Sometimes it can be nice to romanticize the marketing process. We can imagine marketers, wired on caffeine at ten at night coming up with some crazy idea, some gut feeling and dialing up the prospect on a whim and getting that magical conversion as if it simply fell from the sky. Of course, reality is far less exciting, which is why every marketing department, no matter large or small, needs some sort of marketing proofing process.
This process sees a piece of content or information from creation to delivery and when optimized, it can make the sales process more transparent, efficient and effective. It isn't glamorous, but it's necessary. What the proofing process itself requires:
Back-End Prospect Information
First off, the process must coordinate the foundational components of your inbound marketing strategy: back-end prospect data and prospect-facing content. Organizations must determine 1) Who owns this content? 2) Who creates the content? 3) Who can access/edit the content? and 4) Who delivers the content?
Let's look at the first piece of the equation: back-end prospect data. This information is not customer-facing, but rather vital in-house data that will influence the kind of content the prospect will see. Examples include:
- Prospect dossiers. These should be consistent across the department and include things like demographics, activity logs and obstacles to conversion. Naturally these things will be tracked in your CRM system.
- Marketing plans. You'll write up specific deliverables based on where the prospect is in the sales cycle. For example, if the prospect is at the "top" of the customer funnel -- the "awareness" phase -- content like white papers, ebooks, and how-to videos are applicable. If they're towards the end of the funnel, you'll assign deliverables like free trials, live demos and consultations. This schedule should be consistent and trackable.
Ownership and Editing of Prospect-Facing Content
Now that you have a process-oriented approach towards unique prospect needs, you need to coordinate these efforts with the deliverables themselves: the customer-facing content you create, content like the aforementioned white papers, ebooks, etc. This component should define who creates, coordinates, and edits the following:
- Editorial calendar creation.
- Blog, white paper, eBook writing.
- Content approval process (e.g. marketer agrees to send a prospect a specific eBlast).

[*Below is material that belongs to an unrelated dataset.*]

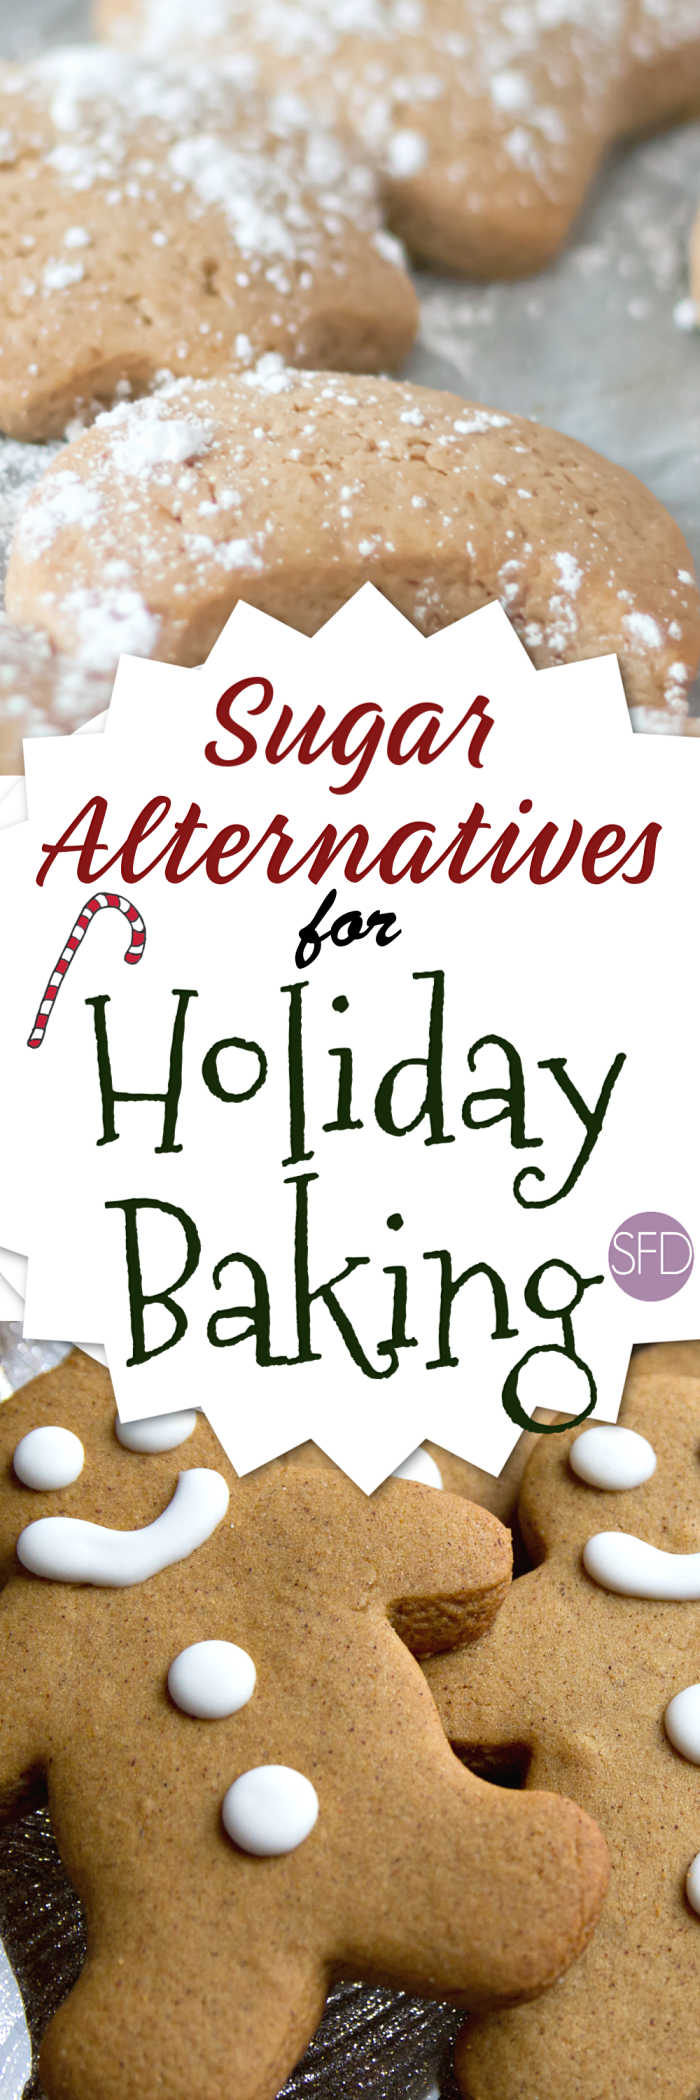 Sugar Alternatives for Holiday Baking
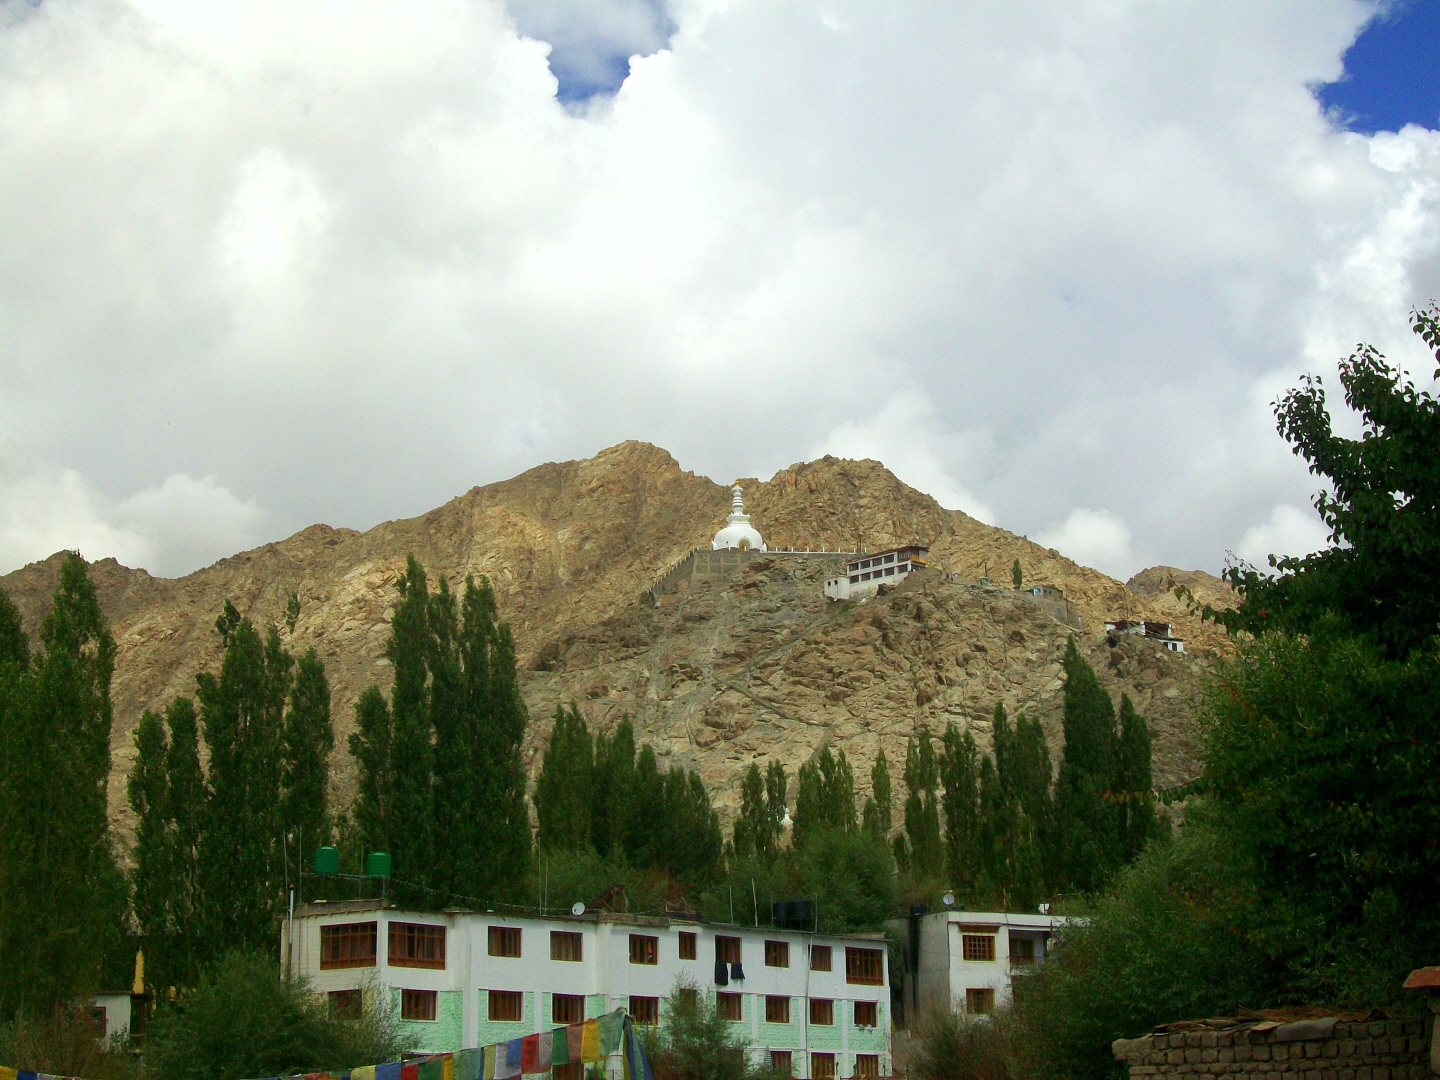 Stupa Gompa (Monastery) on Mountain - a hotel below - Leh, Ladakh- India

- eBlastcreation and sending.
- Comment solicitation (e.g. if a marketer finds the content unconvincing, how does this process play out).
The key element of this step, once again, is the editing of the content itself before it goes to be proofed. The editor will suggest tweaks, thematic concepts, visual ideas, tighten up the data, etc. They will not do the actual proofreading; that's the final step.
Who Proofs the Content?
The best advice here is also the simplest: have an experienced in-house proofreader to check all content before it goes out. Proofreaders will check the content for grammatical and formatting errors, misspellings and proper punctuation. Also make sure to have an in-house style guide that the editor can work from.